オズボーン財相のもう一つの失敗(Another mistake by Osborne)

9月上旬にキャメロン内閣の内閣改造が行われる予定だ。そこでジャスティン・グリーニング運輸相が異動するかどうか注目されている。グリーニング運輸相は、昨年10月に、財務省の経済担当閣外相から昇任したばかりだ。通常なら、留任の線が強いと思われるが、グリーニングには、一つ大きな問題がある。ロンドンのハブ空港であるヒースロー空港の第三滑走路を巡る問題だ。

グリーニングは、ロンドン南西部にあるパットニー選挙区から選出されている保守党の下院議員である。2005年、現職の労働党議員を僅差で破り、初当選した。パットニーは、ヒースロー空港への発着航路に入る地域で、2010年の総選挙前には、グリーニングはヒースロー空港の第三滑走路反対運動の中心的なリーダーとして活動し、この総選挙では、労働党候補に大差をつけて勝った。労働党政権が第三滑走路の建設を促進したのに対し、保守党は、反対した。保守党と連立政権を組んだ自民党は、第三滑走路に反対で、しかもロンドンを含むイングランドの南東部の空港の拡張に反対していた。その結果、連立政権合意書でも、第三滑走路の建設をキャンセルすると謳った。

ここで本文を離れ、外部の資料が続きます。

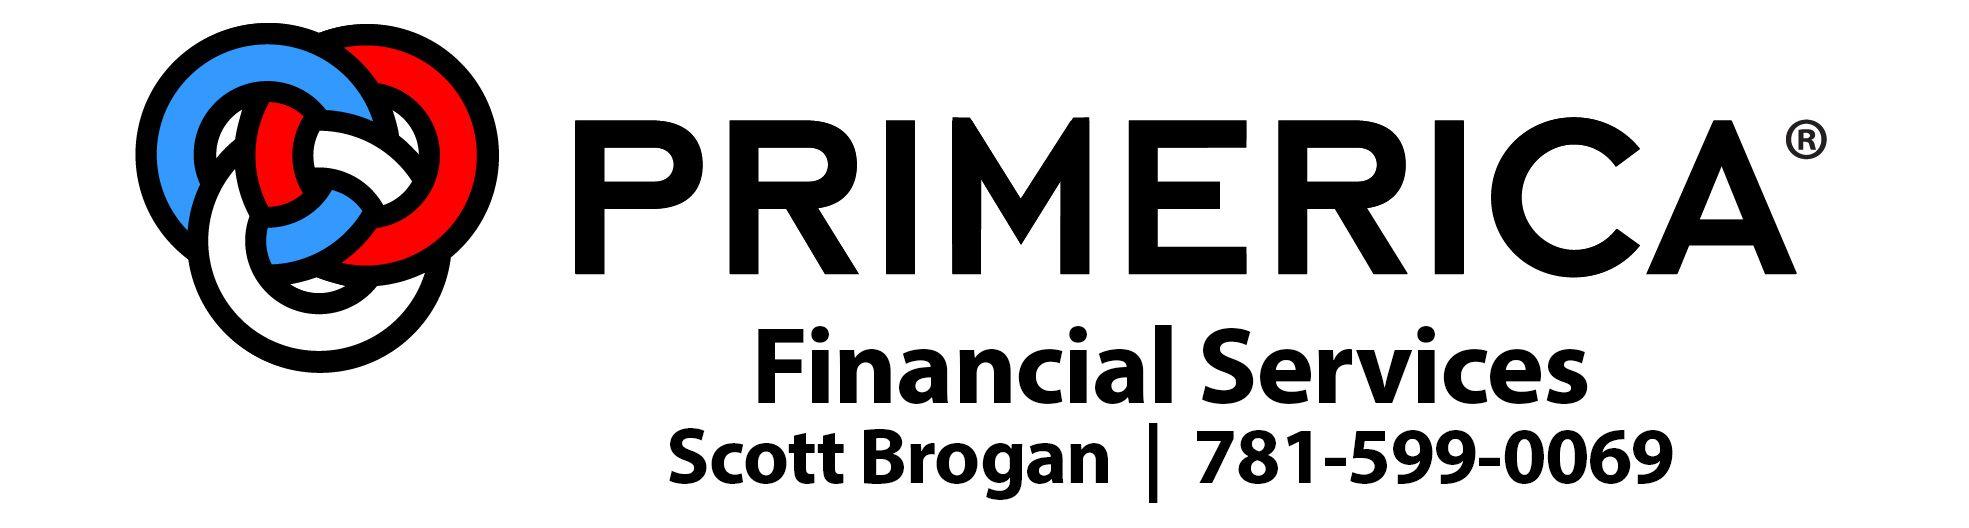 Prime America Logo - Primerica logo Area Chamber

しかし、保守党が政権について直面したのは、ヒースロー空港のキャパシティは、ほとんど満杯であり、拡張の余地は乏しく、中国、インドそれに南米などの新興工業国との多くのダイレクト航空便がなければ、ダイレクト便のある空港を持つ他の欧州各国との競争で後れを取るということであった。ジョンソン・ロンドン市長らの提唱するテムズ川河口空港建設案なども出されたが、それでは時間がかかり過ぎ、また費用もかなり大きくなることから、第三滑走路の建設が再び見直されてきた。これには経済界からの強い圧力がある。この見直しを中心になって進めているのがオズボーン財相である。

もちろん、第三滑走路の建設見直しについては、マニフェストで約束したことであり、自民党の合意が得られないことは明らかであるために、次期総選挙後になるが、それへの準備をしていく必要がある。しかし、グリーニング運輸相は、それに反対している。そのために、グリーニングの異動が取りざたされているのだ。

これにはオズボーン財相の失敗が関連している。昨年10月にグリーニングは運輸相に任命されるまで、オズボーンの下で閣外相として働いていた。確かに閣僚の中で女性が少なく、ワルジ保守党幹事長を含めてわずか4人であった女性閣僚の数を増やす必要に迫られていたとはいえ、グリーニングのヒースロー空港第三滑走路に関する運動を見れば、運輸大臣として客観的に空港建設問題を判断できるかどうかどうかは疑問だった。特に、自分の下で働いていた人物だけに、この任命にはストップをかけることもできた。ところが、今になって、グリーニングがオズボーンの頭痛の種になっている。オズボーンの判断力がさらに疑問視される一つの例と言えよう。